The Lie Tree is the seventh children's fantasy novel by Frances Hardinge, published in 2015 by Macmillan Publishers. The book won the 2015 Costa Book of the Year.

Synopsis 
The Lie Tree is set in the male-dominated Victorian scientific society, and tells the story of Faith Sunderly, a 14-year-old girl whose father is killed under mysterious circumstances after the family moves to a small island to get away from London.
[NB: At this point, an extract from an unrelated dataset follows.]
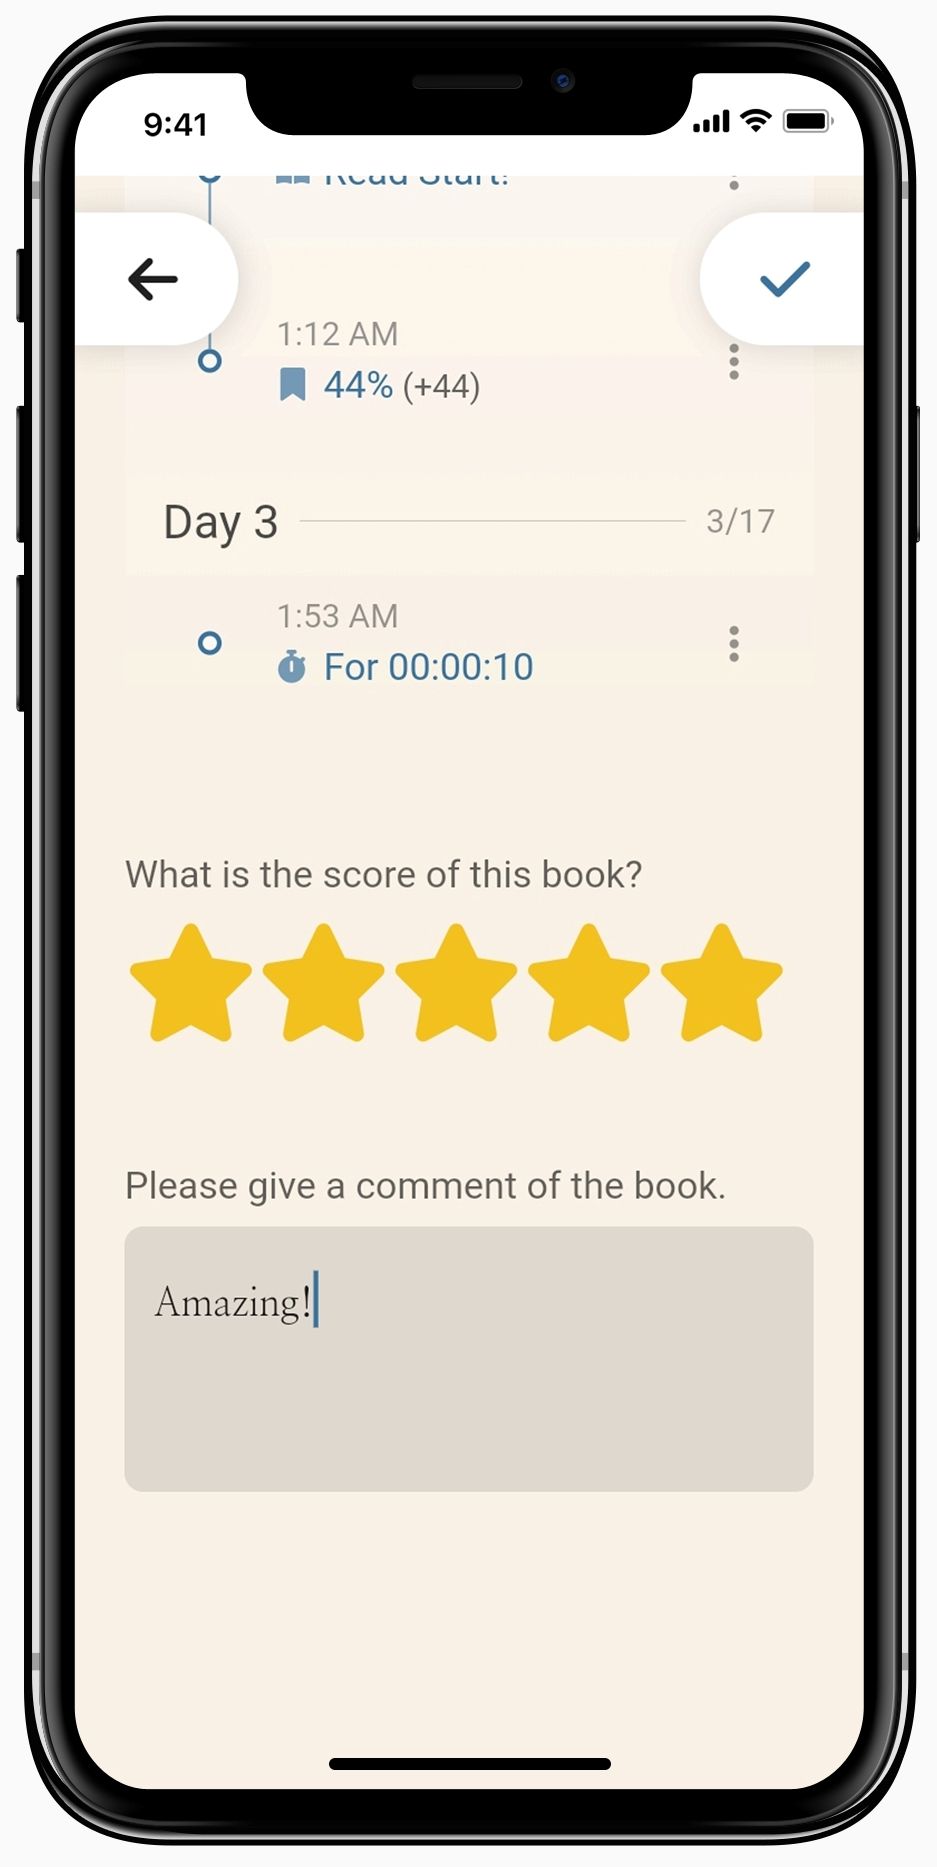 Bookmory Add Review page. It shows the times read by day, your score of the book out of five stars, and a comment about the book.

In her efforts to discover what happened to her father, and to follow his footsteps of studying natural science, she discovers a tree that provides truths by feeding on whispered lies.  The lies and rumors that Faith starts grow rapidly and events soon become out of control.

Reception 
The Guardian praised The Lie Tree's "convincing picture of the times" and Hardinge's "trademark wit and intelligence", calling the book "at once entertaining and provocative". The Sunday Times named the book its children's book of the year for 2015.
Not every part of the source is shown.